Reproduce the data that follows character for character, but omit its pictures.

Source data START

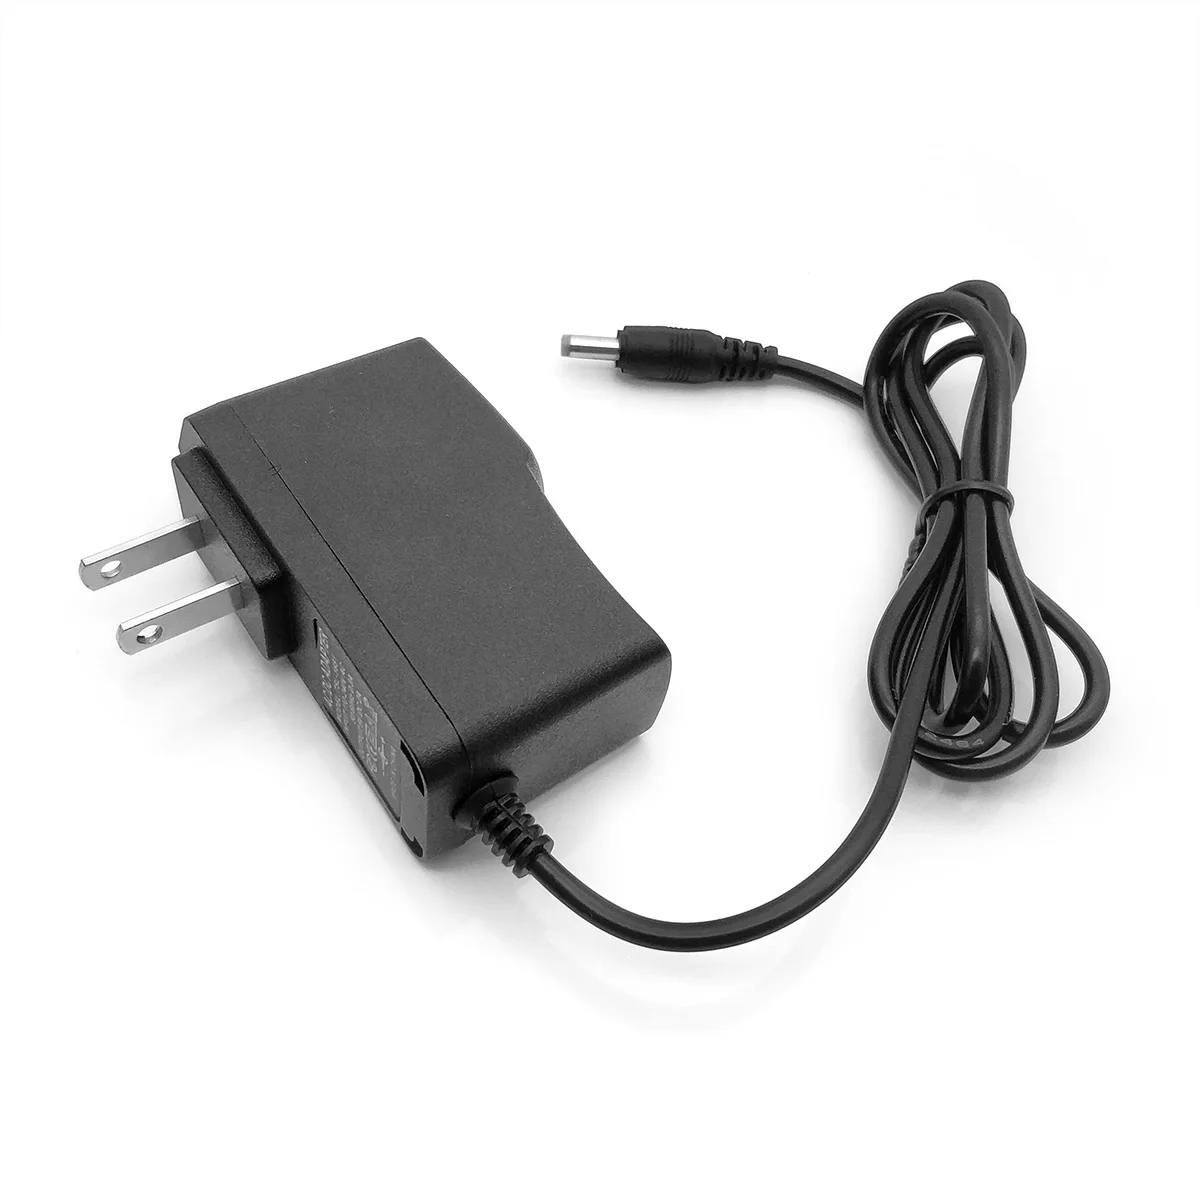 
AC DC Power Adapter 9V 5V 4.5V 4.2V 1A 1.5A 2A 3A OEM Input 100 240V AC 50/60Hz Power Supply Adapter for CCTV 
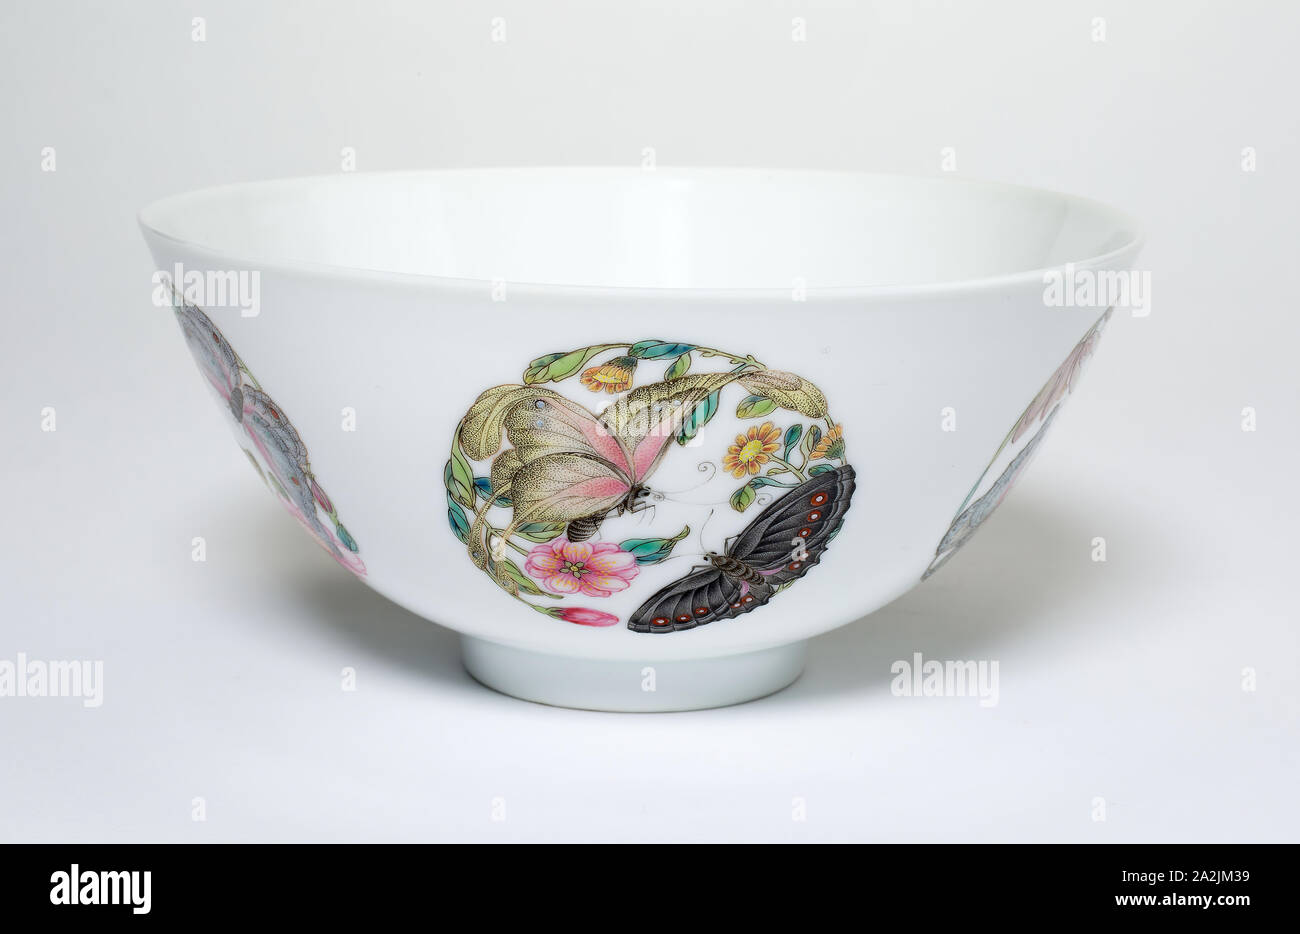 Bowl with Medallions of Butterflies, Peonies, Chrysanthemums, Peaches, Plums and Orchids, Qing dynasty (1644–1911), spurious reign mark of Yongzheng (1723–35), overglaze painting perhaps added later, China, Porcelain painted in overglaze famille rose enamels, H. 6.7 cm (2 5/8 in.), diam. 14.4 cm (5 11/16 in Stock Photo
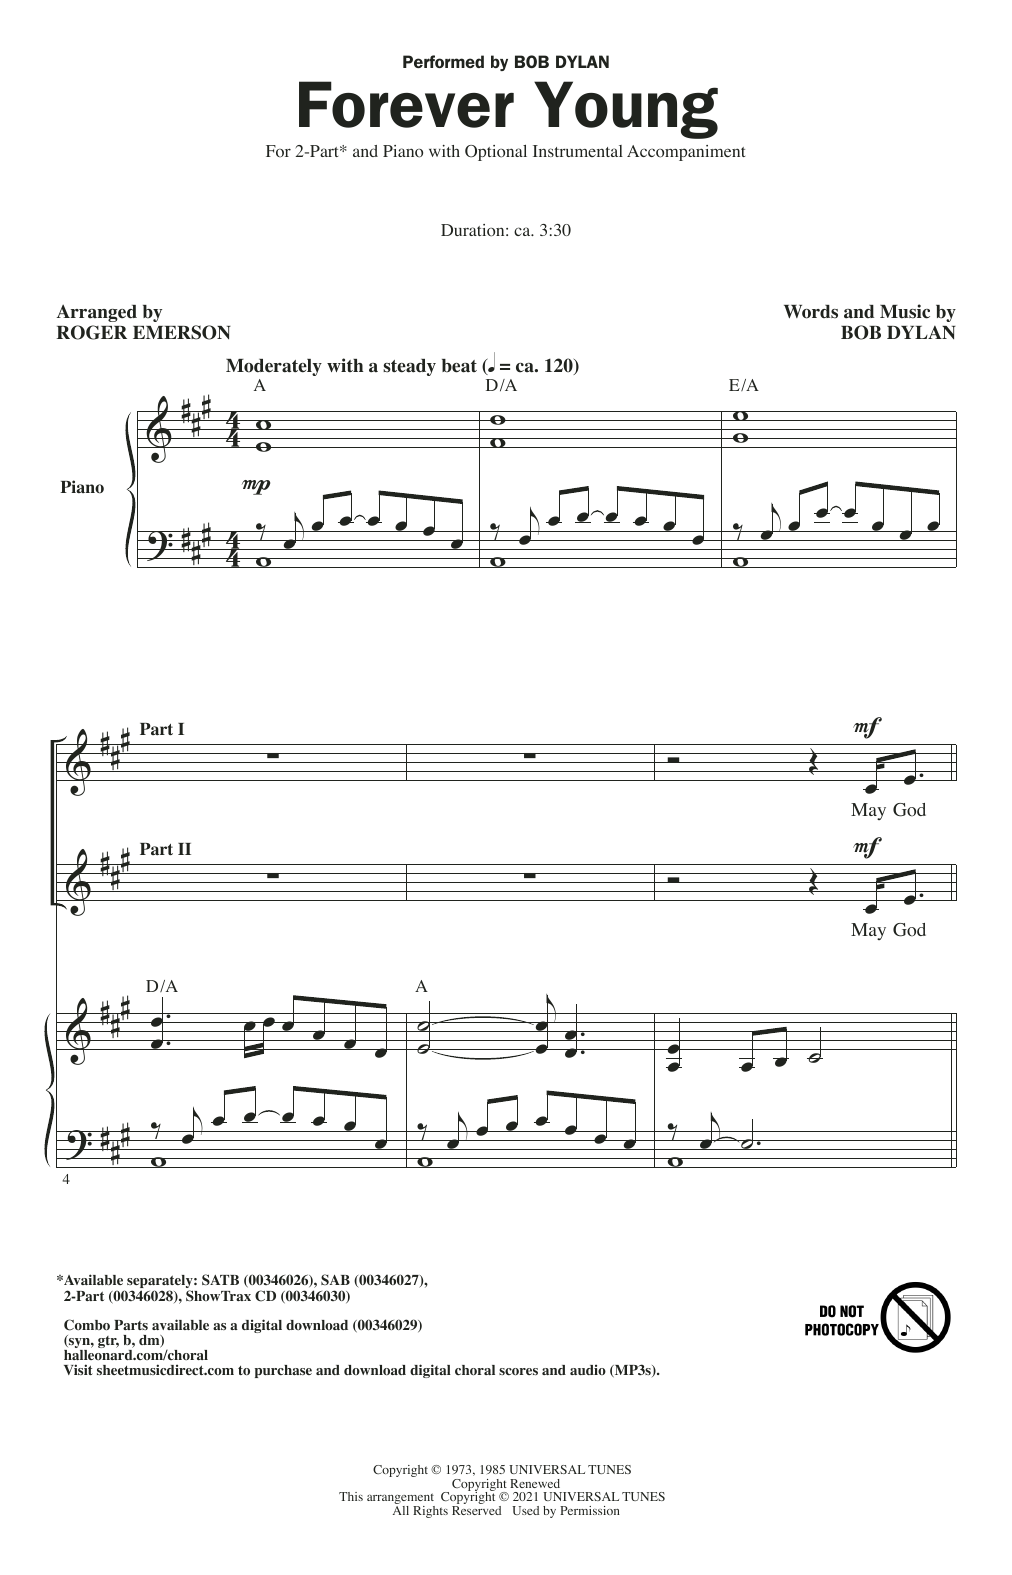 Bob Dylan Forever Young (arr. Roger Emerson) sheet music notes and chords. Download Printable PDF.
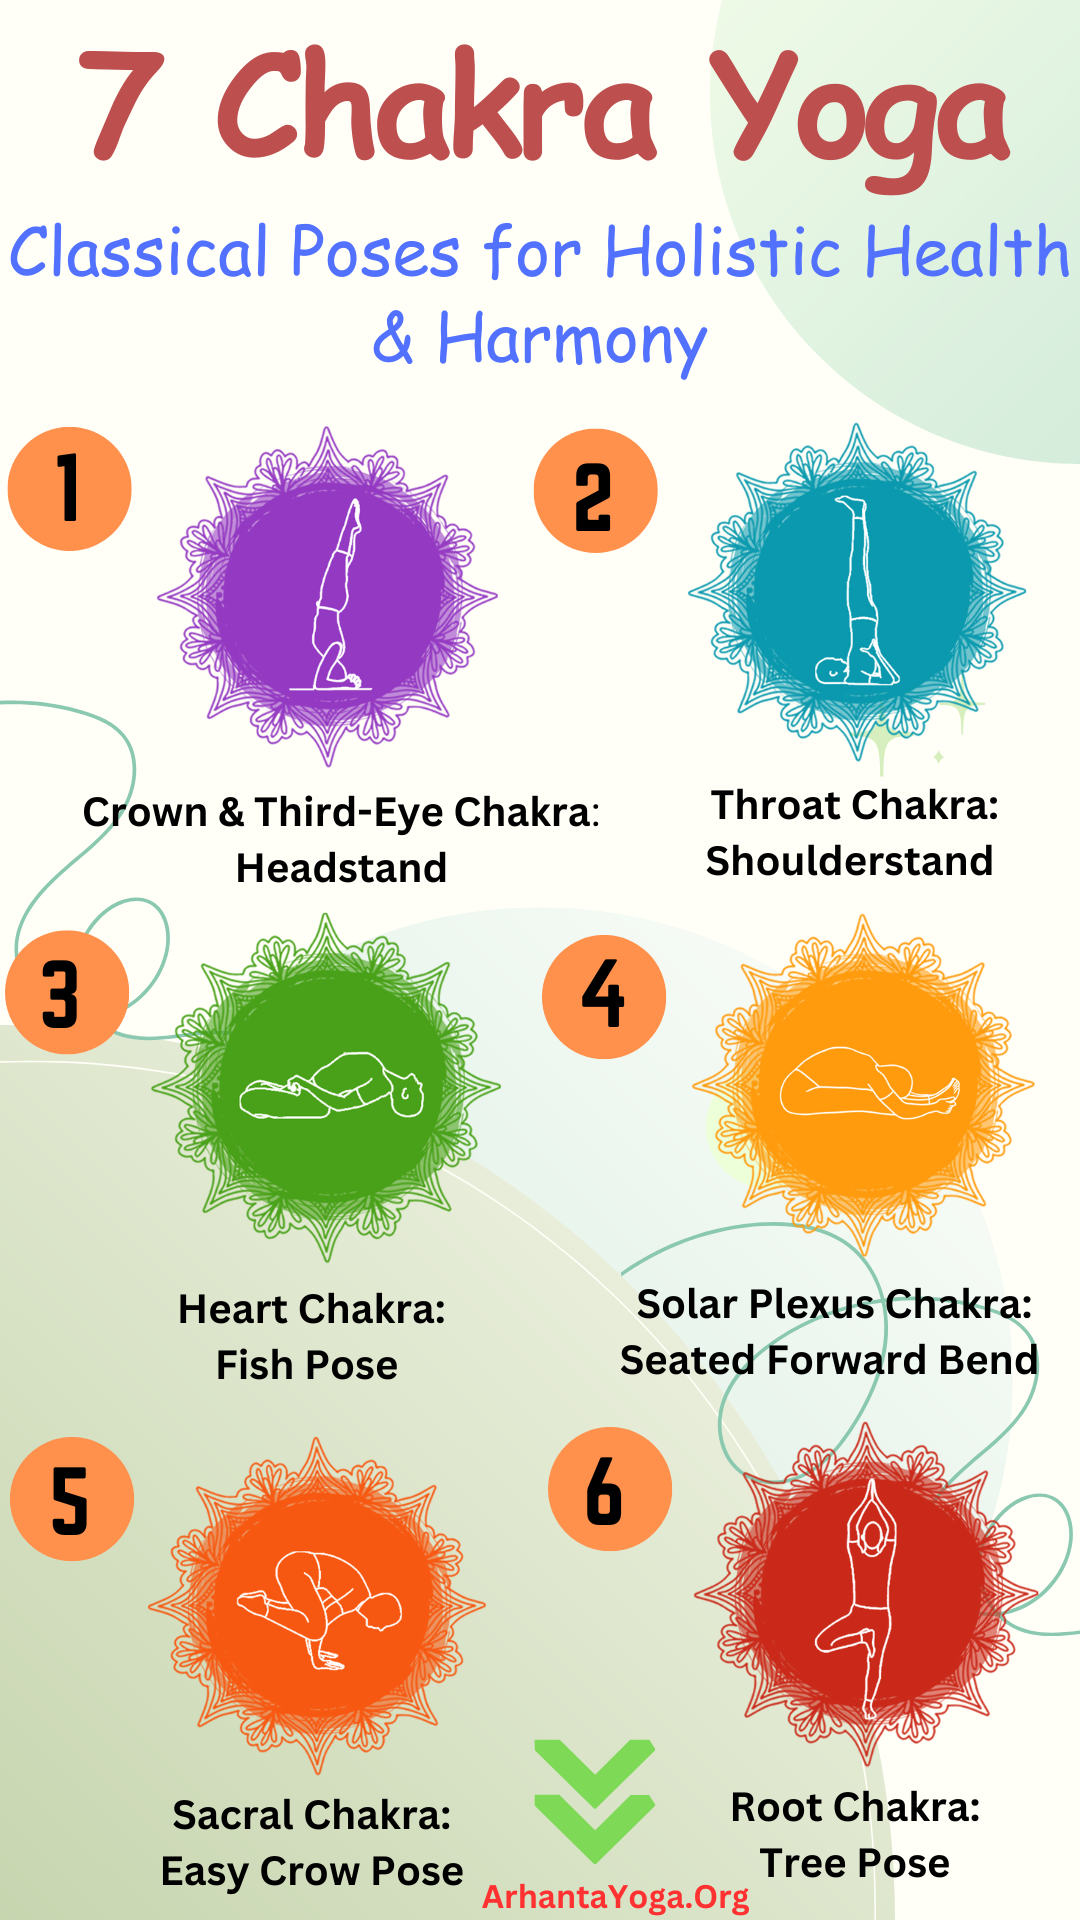 7 Chakra Yoga: Classical Poses for Holistic Health by walkermartin

Source data END

### Solved exercise:
AC DC Power Adapter 9V 5V 4.5V 4.2V 1A 1.5A 2A 3A OEM Input 100 240V AC 50/60Hz Power Supply Adapter for CCTV 
 Bowl with Medallions of Butterflies, Peonies, Chrysanthemums, Peaches, Plums and Orchids, Qing dynasty (1644–1911), spurious reign mark of Yongzheng (1723–35), overglaze painting perhaps added later, China, Porcelain painted in overglaze famille rose enamels, H. 6.7 cm (2 5/8 in.), diam. 14.4 cm (5 11/16 in Stock Photo
 Bob Dylan Forever Young (arr. Roger Emerson) sheet music notes and chords. Download Printable PDF.
 7 Chakra Yoga: Classical Poses for Holistic Health by walkermartin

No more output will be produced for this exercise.